Martin Luther King Jr. (Beethovan Oden) and hotel worker Camae (ZZ Moor) share a light moment in Captial Stage's production of "The Mountaintop." Capital Stage/Courtesy photo

Martin Luther King Jr. (Beethovan Oden) and hotel worker Camae (ZZ Moor) share a light moment in Captial Stage's production of "The Mountaintop." Capital Stage/Courtesy photo


‘The Mountaintop’ gives fictionalized glimpse into King’s last night

By From page A9 | April 10, 2013

Check it out

What: “The Mountaintop”

Where: Capital Stage, 2215 J St., Sacramento

When: 7 p.m. Wednesdays, 8 p.m. Thursdays-Saturdays, 2 p.m. Sundays, through April 21

Tickets: $22-$35 general

Info: www.capstage.org

The setting is Room 306 at the Lorraine Motel in Memphis, Tenn. The date is April 4, 1968. There is a storm raging outside.

The Rev. Martin Luther King Jr. has just given his “I’ve Been to the Mountaintop” speech in support of the Memphis sanitation workers’ strike and has returned to his motel room, exhausted, craving caffeine. He has sent Ralph Abernathy off to get some Pall Mall cigarettes for him.

He prepares to work on his speech for the next day, which will address “Why America is Going to Hell.”

Unbeknownst to King, it is his last night on Earth and it’s going to be a strange evening. The play imagines the events that might have taken place the night before King’s assassination.

This is King’s own particular garden of Gethsemane, written by playwright Katori Hall (who won the Olivier Award for this play), presented by Capital Stage, and directed by the multi-talented Anthony D’Juan, making his Capital Stage directorial debut (though familiar to Capital audiences from his on-stage performances).

It was important to Hall not to deify King.

“King changed the world, but he was not a deity. He was a man, a human being. So it was important to show him as such: vulnerable,” the playwright states.

Beethovan Oden creates a very human King. He’s tired. He’s coming down with a cold. He has smelly feet. He smokes too much. He’s caffeine-addicted. He lies to his wife.

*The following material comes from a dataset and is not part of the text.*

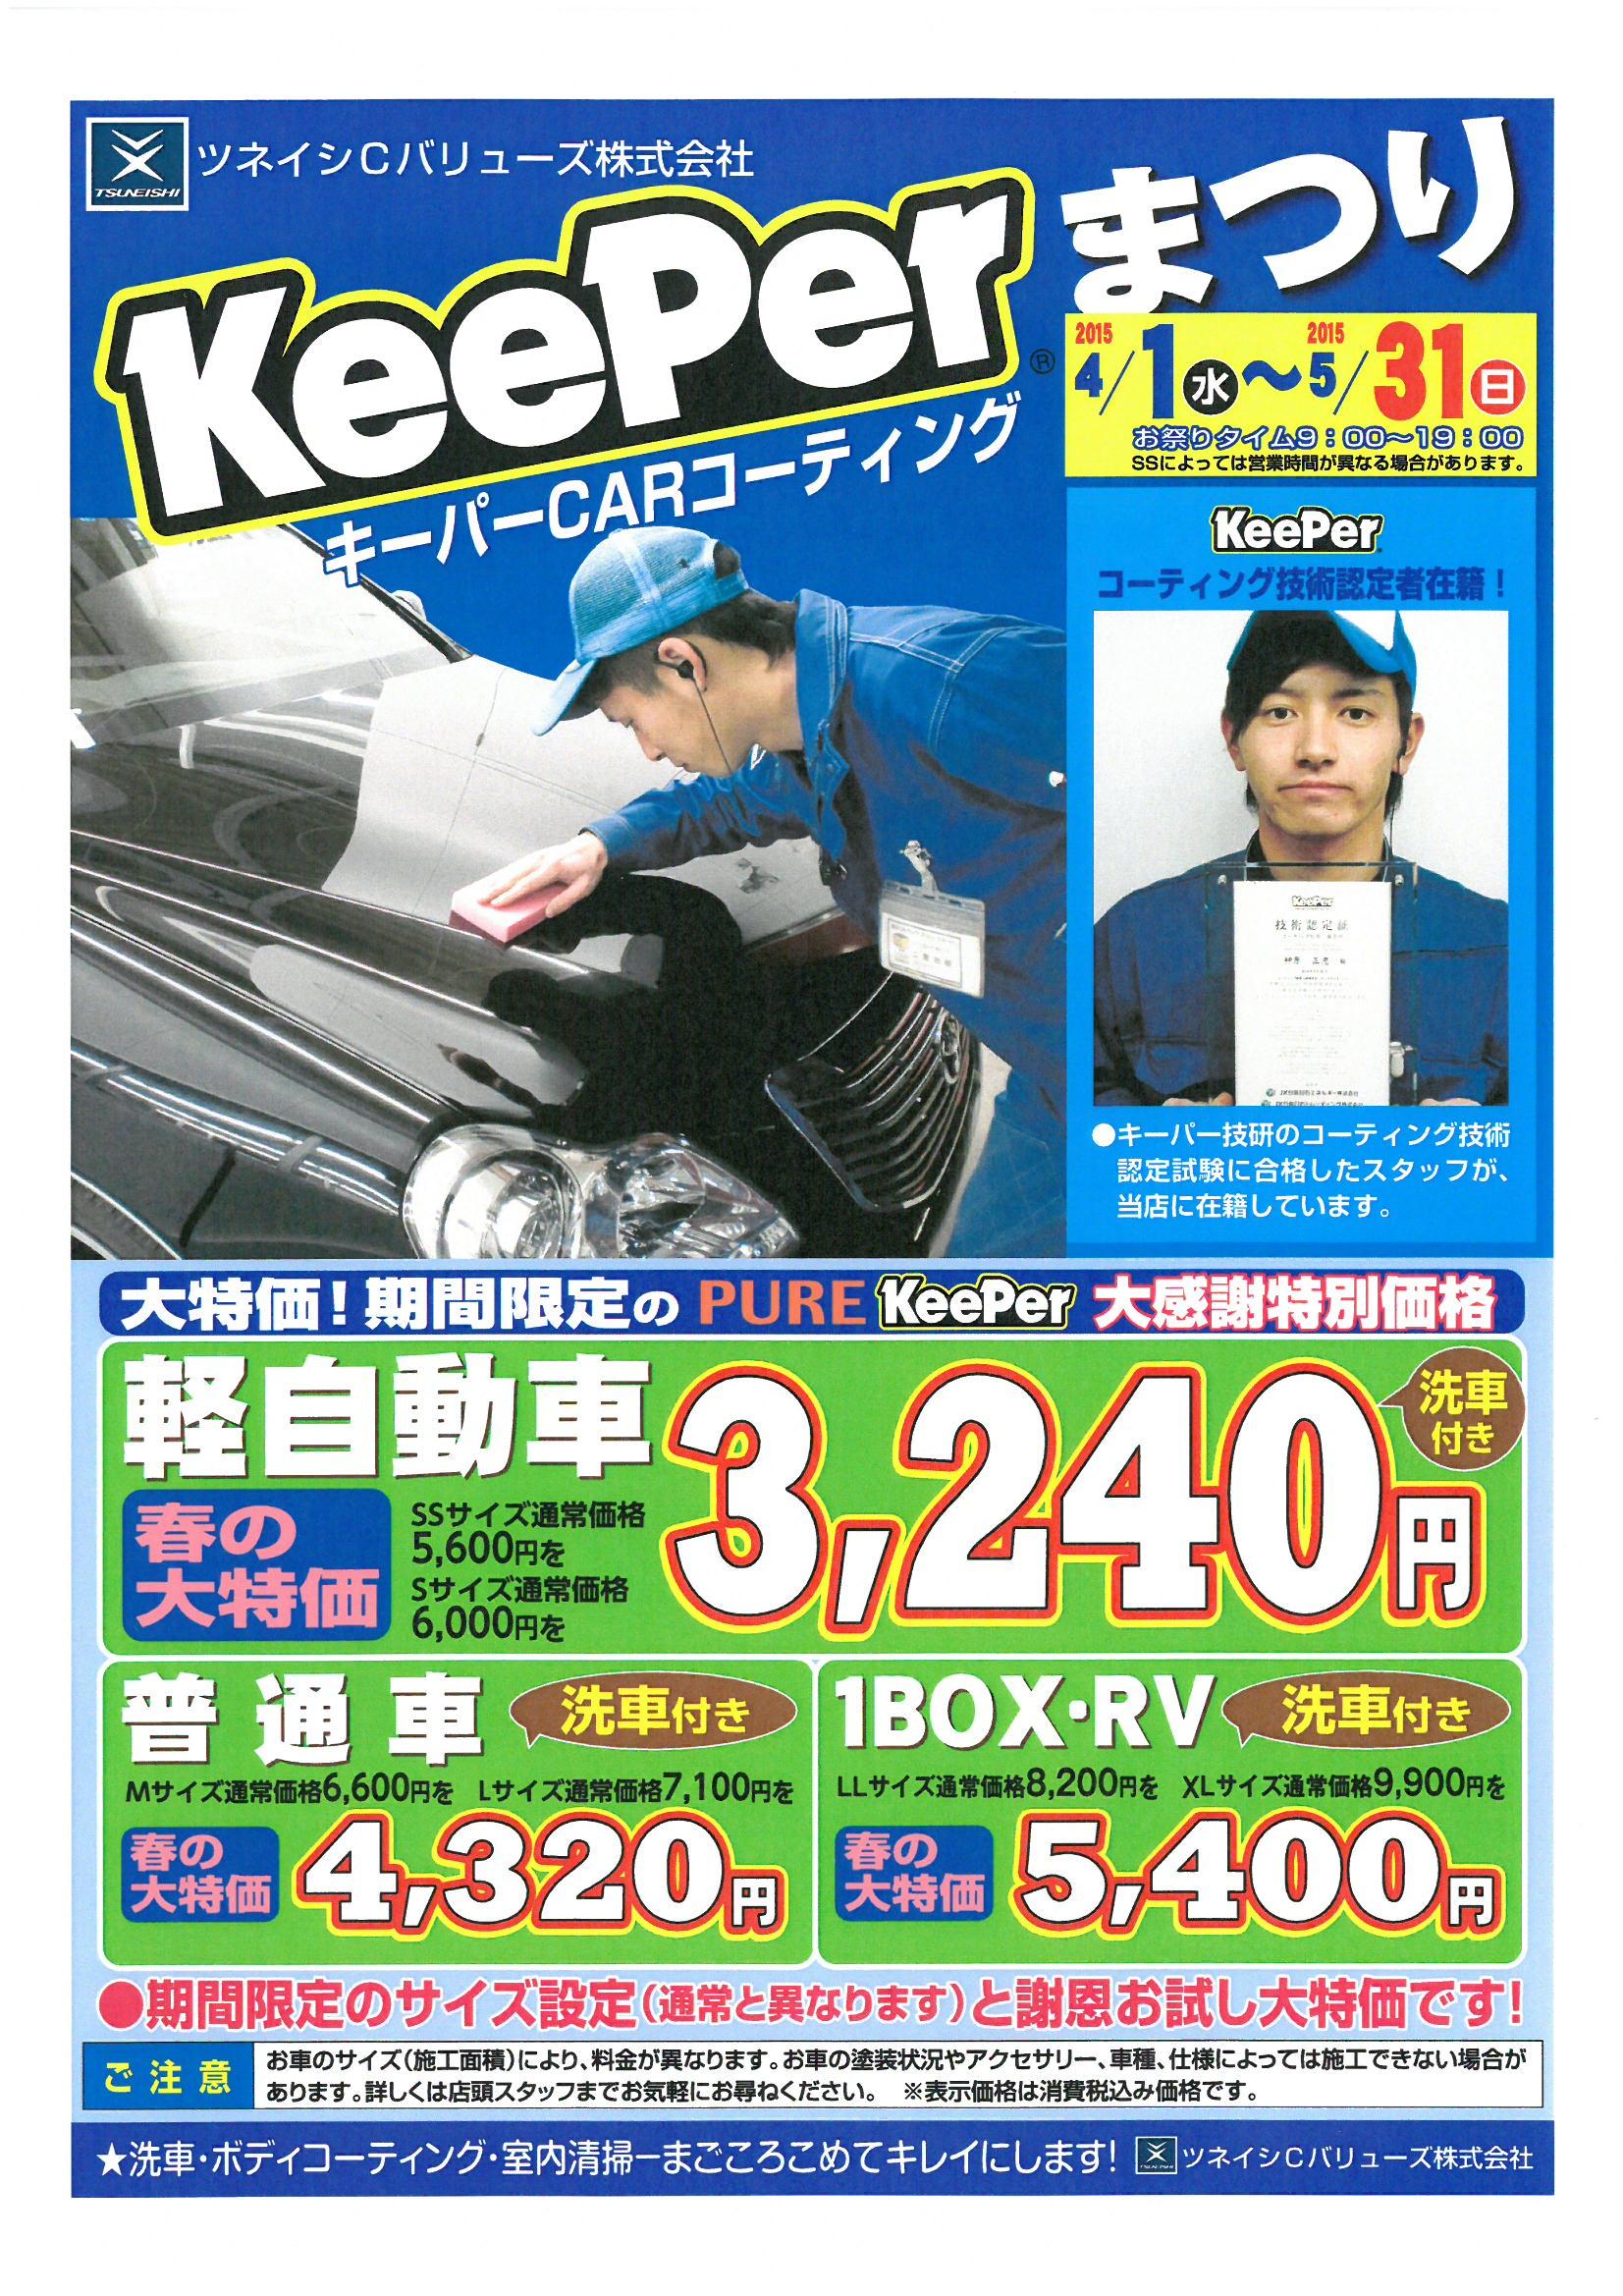 【コーティングキャンペーン】5月31日(日)まで!

He’s disappointed at the turnout for his speech, afraid that his followers are tired of the fight … and he’s concerned about the continuing threats on his life and that of his family.

The threats have loomed so large that he mentioned them in his speech (“I’ve seen the Promised Land. I may not get there with you…”) Paranoid, he obsessively paces back and forth, peeking through the curtains, checking tables, lamps, etc., for listening devices.

He calls the front desk for coffee, which is delivered by Camae (ZZ Moor), a maid at the hotel, who says she’s working her first night. She is awed by King and is at first coyly deferential, and then, as it appears there is chemistry between them, becomes flirty. She tries to leave several times, but, encouraged by King, continues to stay, sharing a cigarette (she has Pall Malls) and prompting King to confront his life, his past, his legacy and the future of his people.

Camae is just what King needs to relax. As she becomes more comfortable with him, she allows herself to be foul-mouthed and sassy and puts King at ease. With King’s reputation as a womanizer, it looks like this play is going in one direction, but then, as Camae’s secret becomes known, it takes a 180-degree turn and goes in a completely different direction.

Moor’s performance is spot on, with her accentuated Southern drawl. Her performance could easily descend to the cutesy but she stays in character, not caricature.

As the play moves forward and the focus of it shifts, it loses a bit of credibility and enters more of the fantasy realm, in stark contrast to the beginning. However, the finale, where King is able to see the results of his work, is masterful and impressive.

The set for this production is by Capital Stage co-founder Jonathan Williams, who obviously must have spent a lot of time in seedy motels in order to create one so perfectly. (I did wonder if the hem of the bedspread, askew on one of the beds, was deliberate or accidental.)

This is a 90-minute, no-intermission play, which is a good thing because to include a break in the middle would destroy the mood set throughout the play.

In his last speech, King said, “I’m happy tonight. I’m not worried about anything. I’m not fearing any man. Mine eyes have seen the glory of the coming of the Lord.” One hopes that on his last night he really came to feel that.